Goal of the exercise.
An exact transcript is required of the lines below, from the one containing "Ông Phạm Viết" through the very last; leave every picture out of it.

Supplied data.
—————

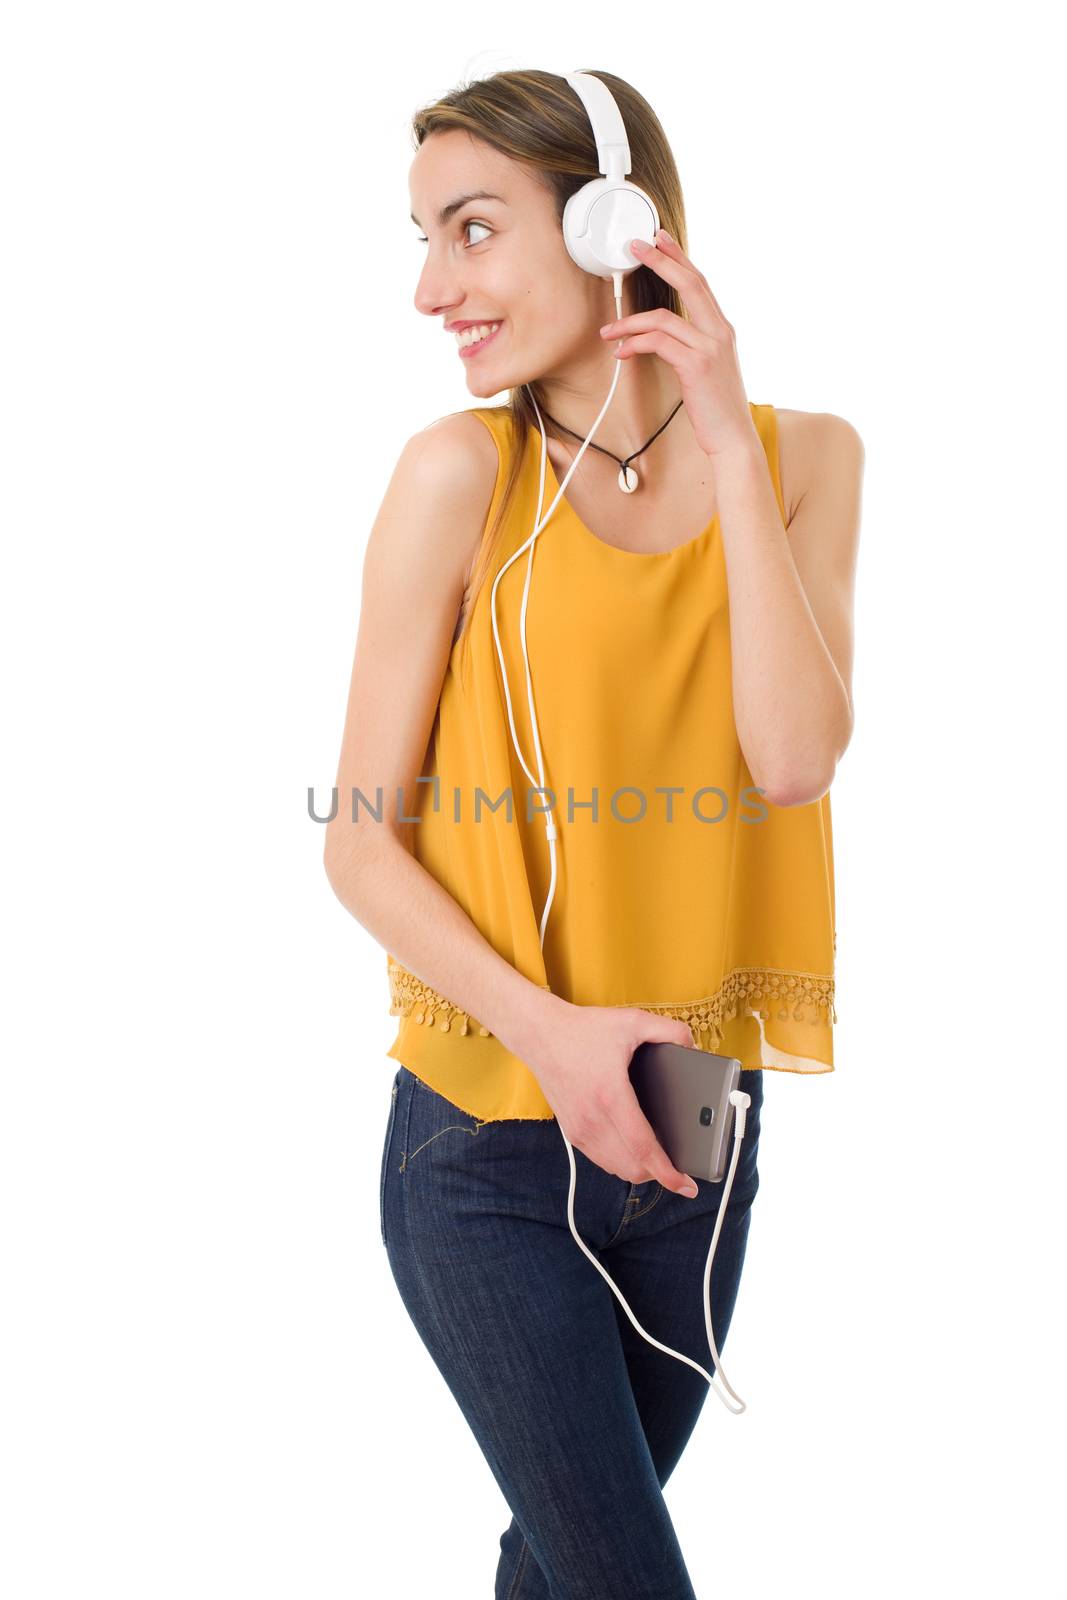 woman listen music by zittto
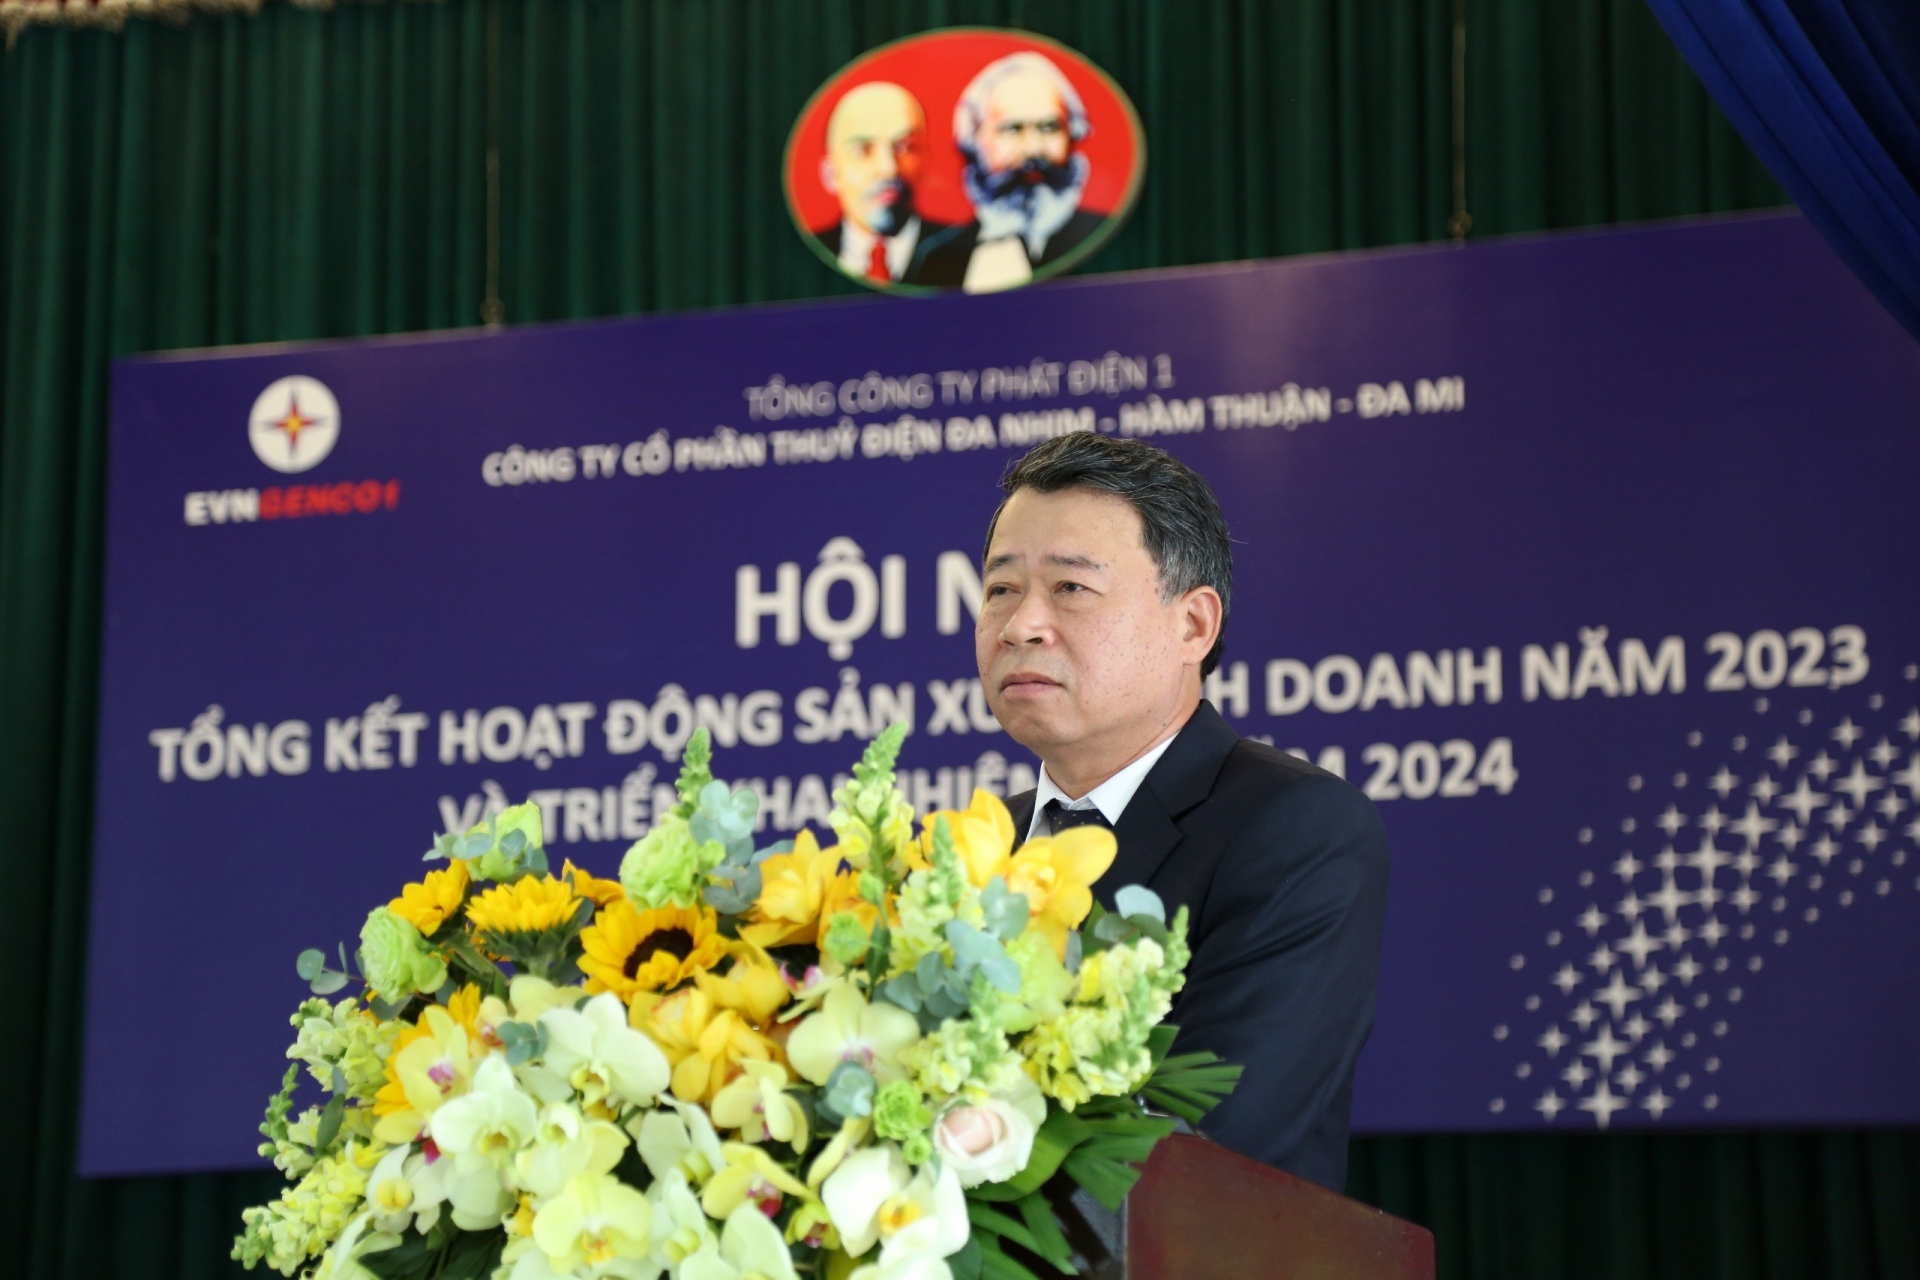 Ông Phạm Viết Hùng - Thành viên Hội đồng thành viên EVNGENCO1 phát biểu tại Hội nghị
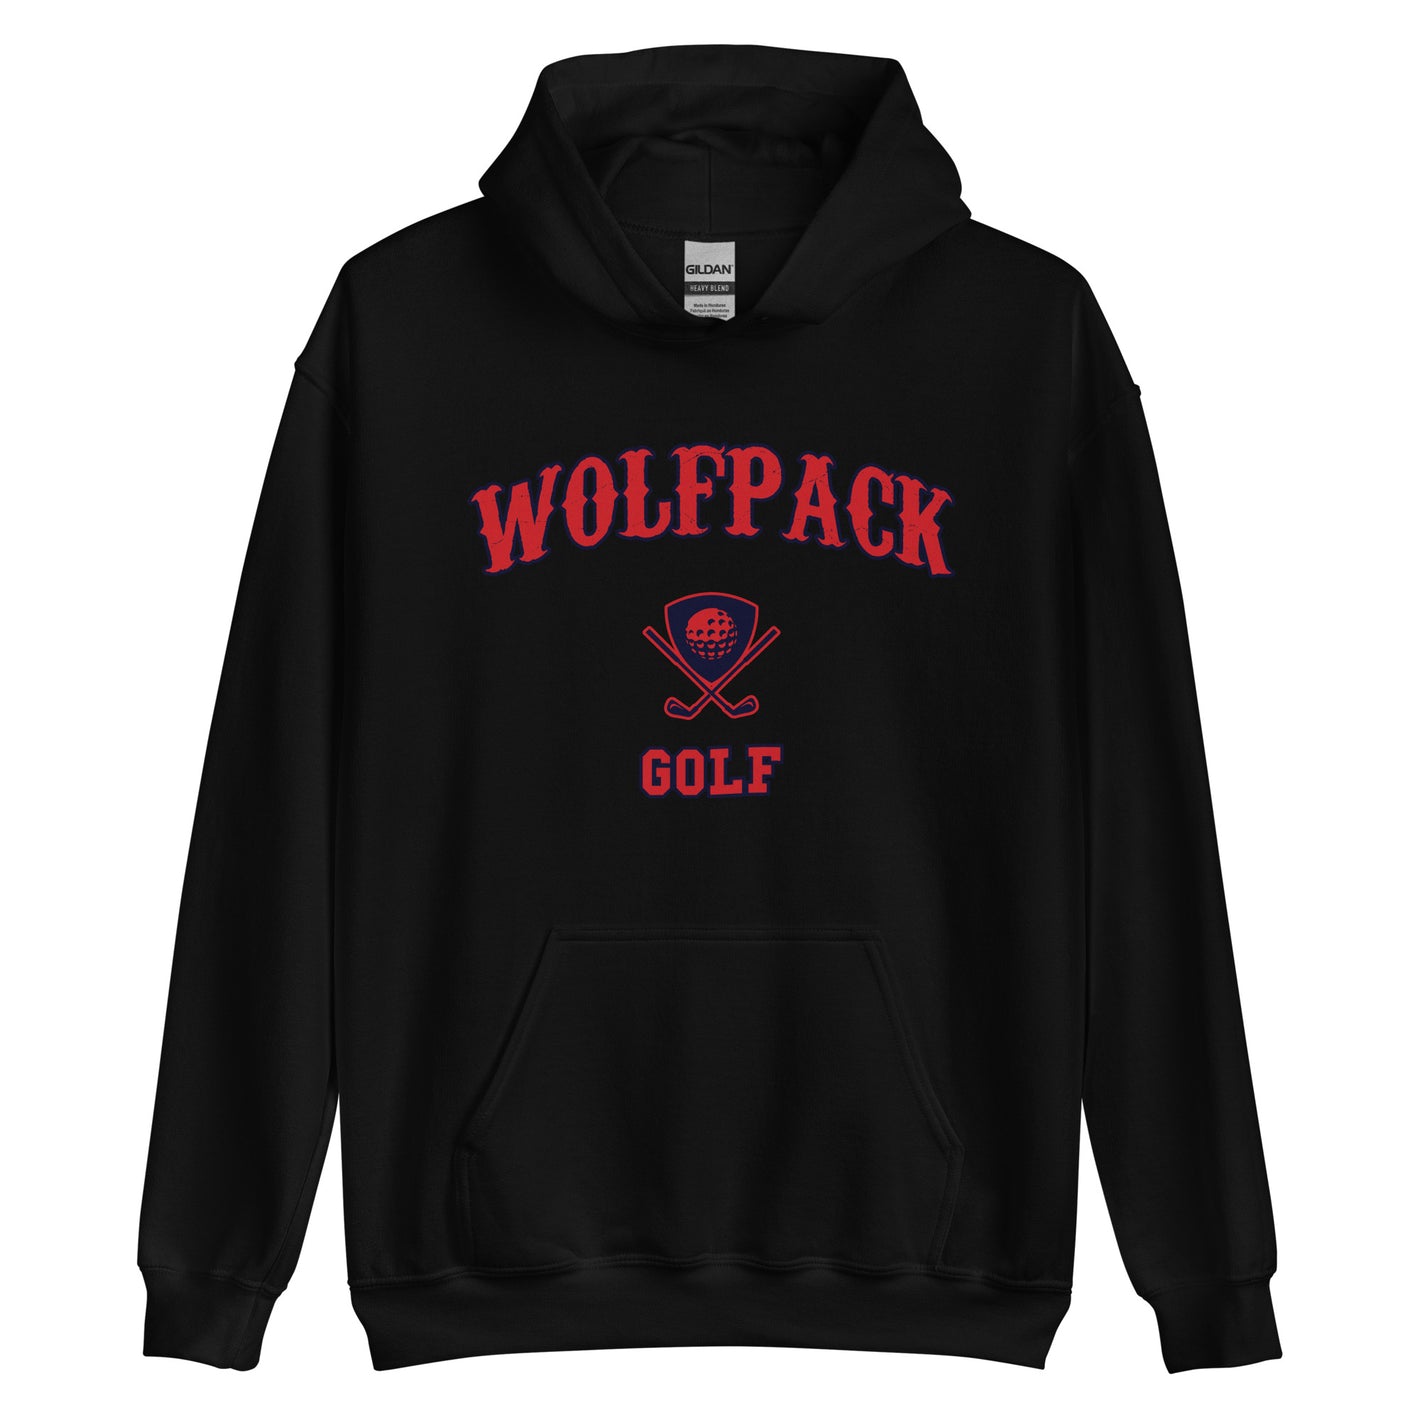 Wolfpack Golf Unisex Hoodie

—————

Answer space.
 Ông Phạm Viết Hùng - Thành viên Hội đồng thành viên EVNGENCO1 phát biểu tại Hội nghị
 Wolfpack Golf Unisex Hoodie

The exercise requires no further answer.